**What is expected:** Lines before the one containing "Matthew Szyndlar, 19, and" are not wanted; restate the rest below word for word, through the last line, but drop any pictures.

**Provided material:**
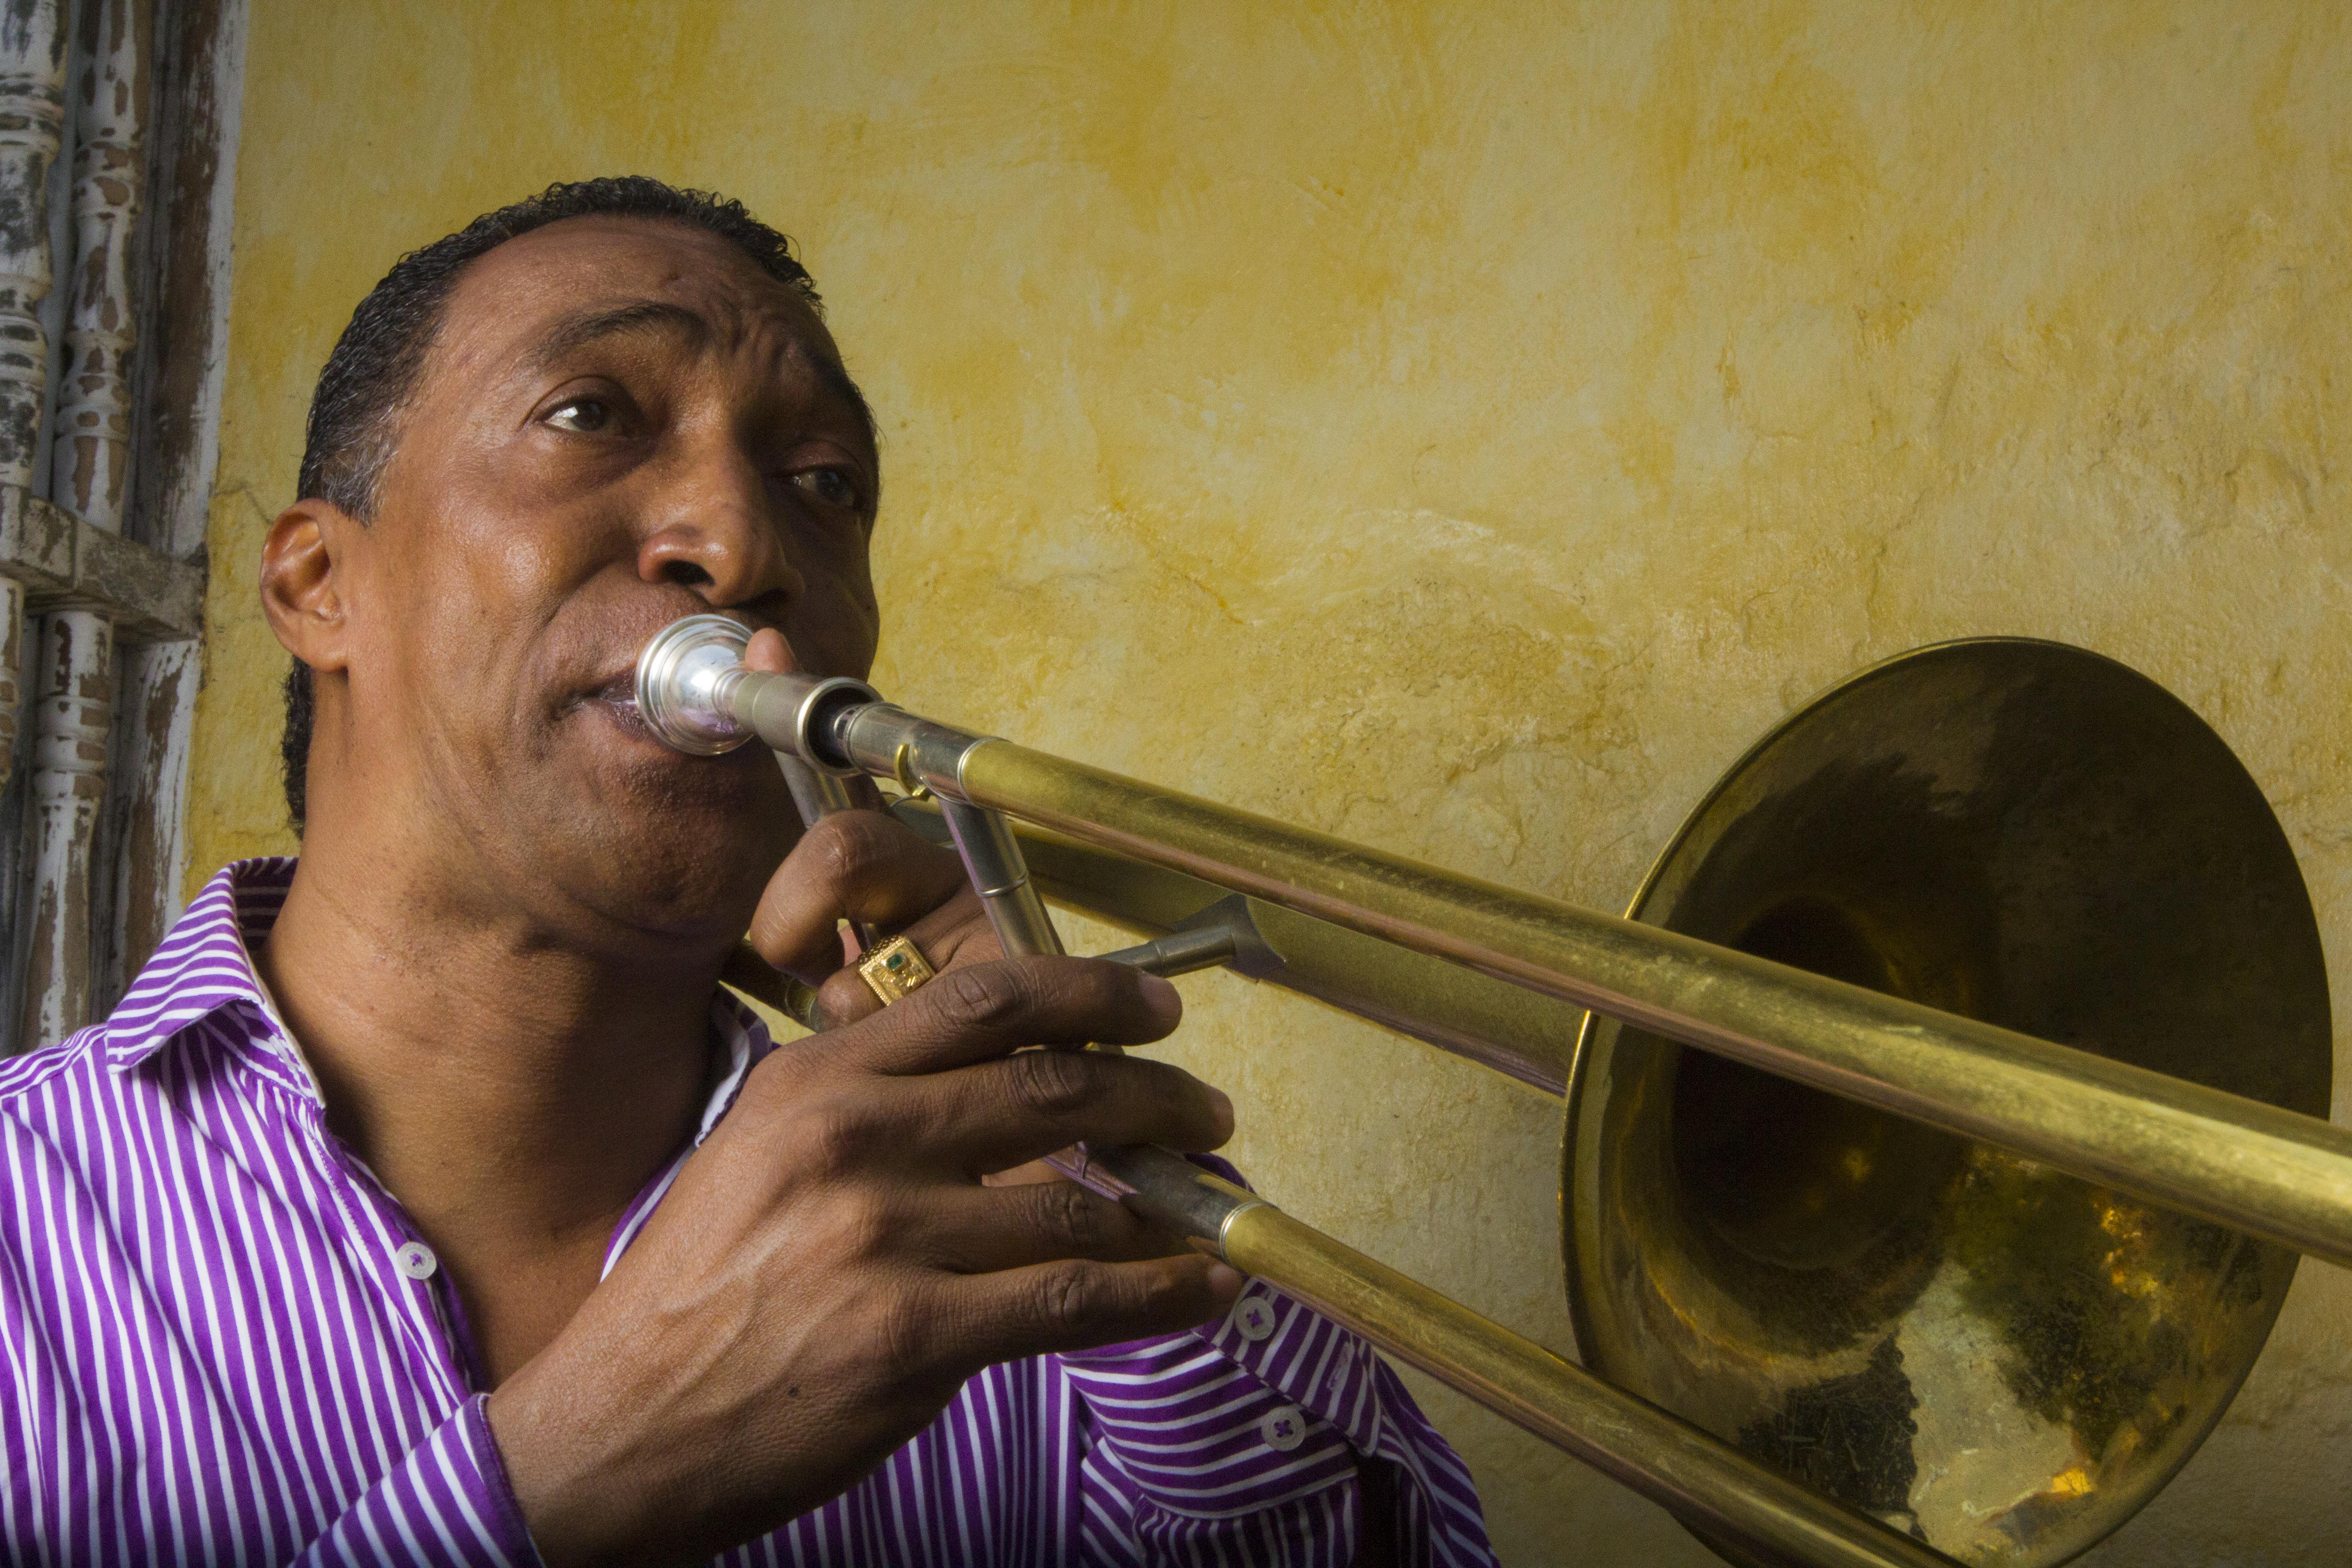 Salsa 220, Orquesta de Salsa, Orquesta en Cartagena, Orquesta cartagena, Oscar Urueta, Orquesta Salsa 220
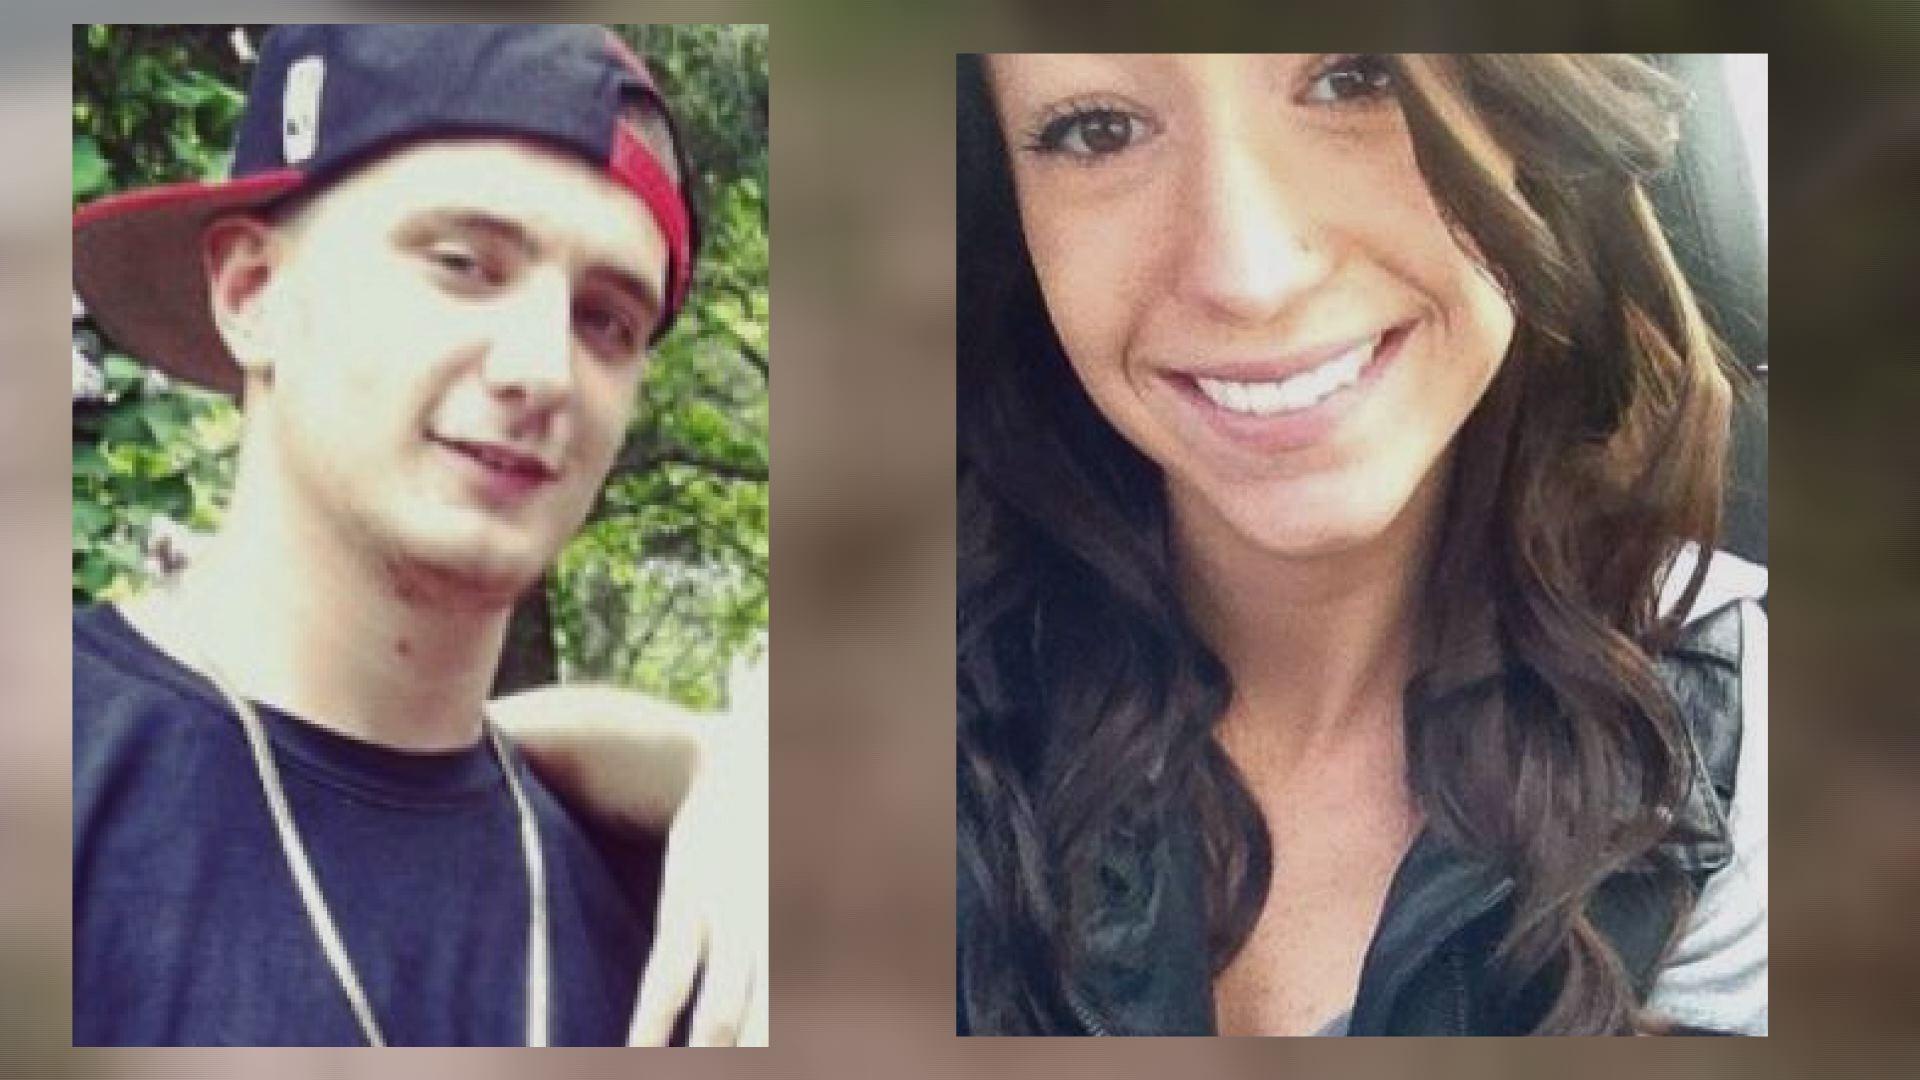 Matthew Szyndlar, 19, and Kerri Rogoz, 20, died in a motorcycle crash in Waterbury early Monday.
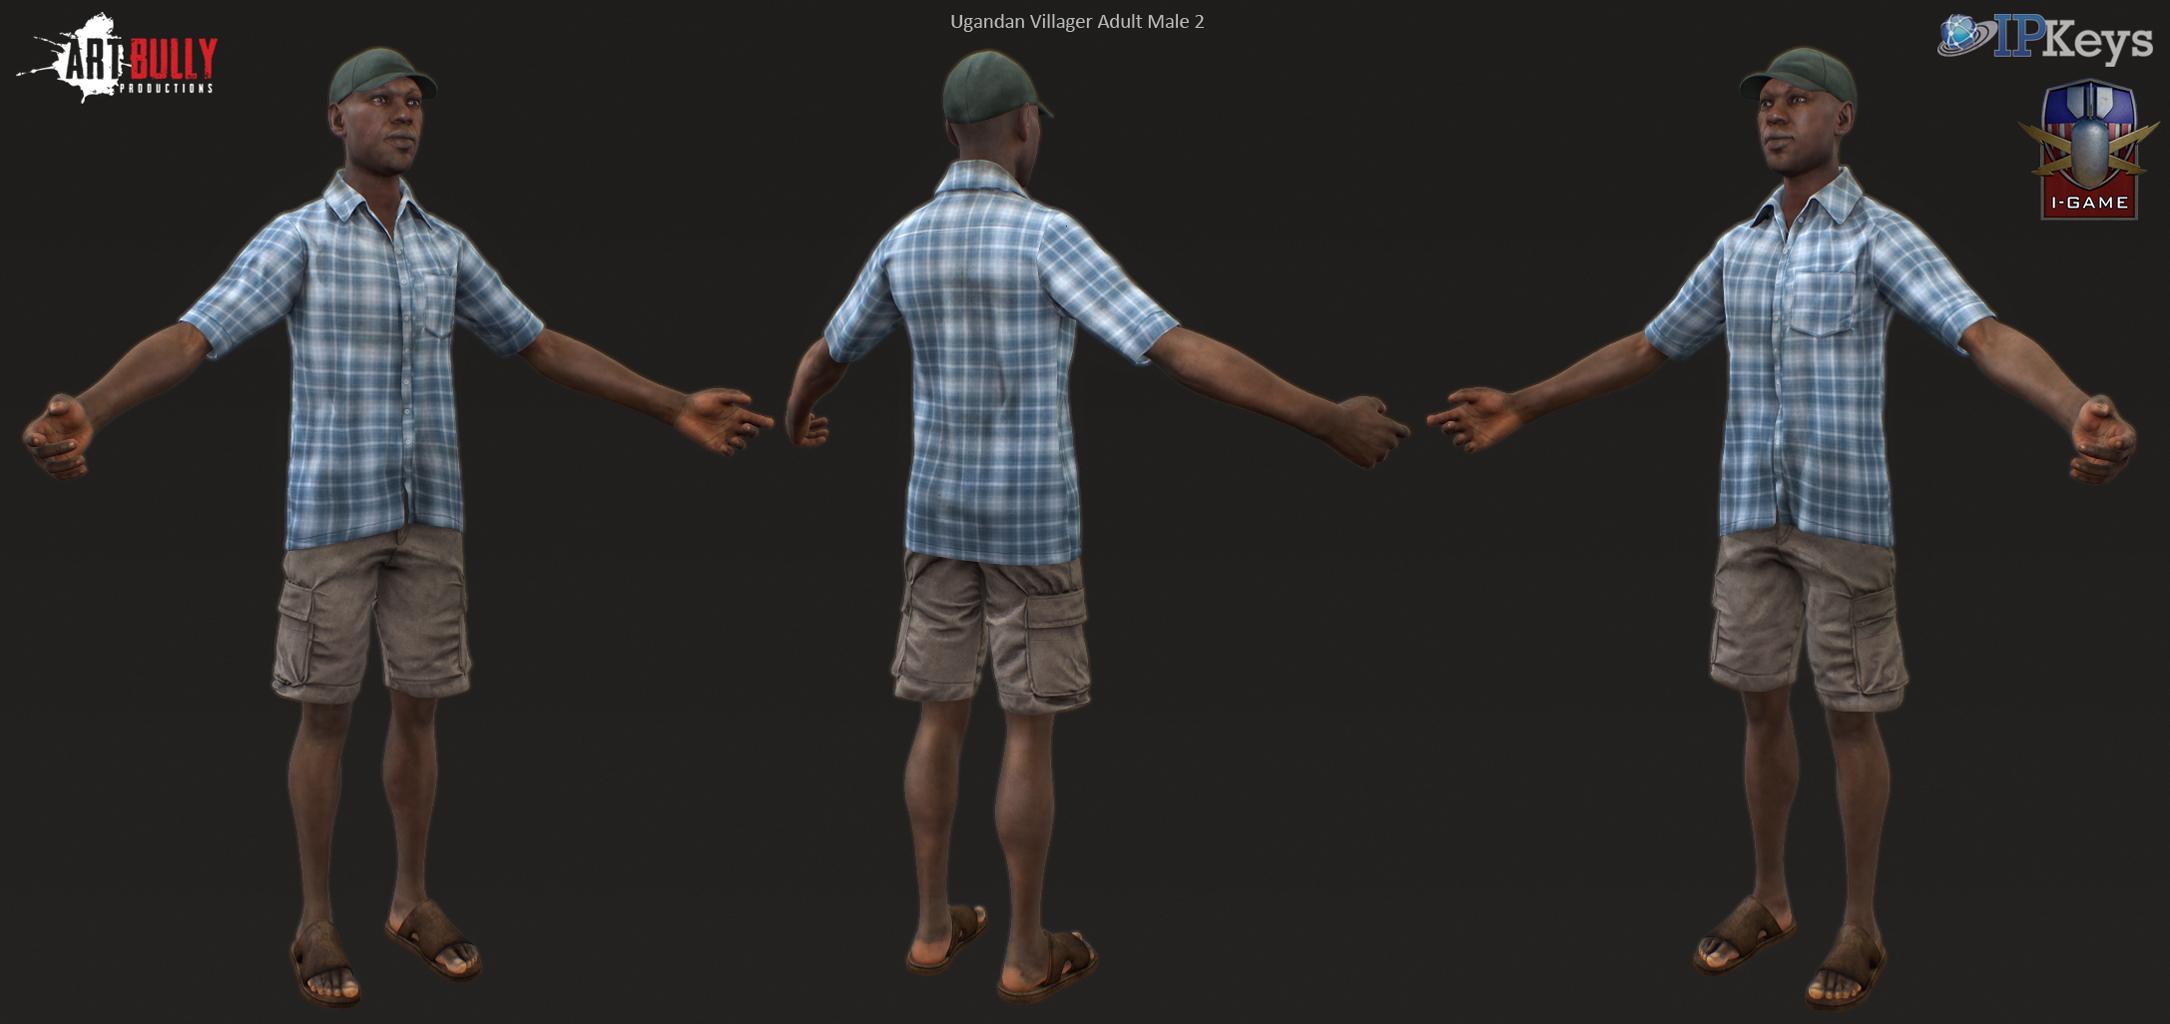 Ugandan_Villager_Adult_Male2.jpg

**Solution for this task:**
 Matthew Szyndlar, 19, and Kerri Rogoz, 20, died in a motorcycle crash in Waterbury early Monday.
 Ugandan_Villager_Adult_Male2.jpg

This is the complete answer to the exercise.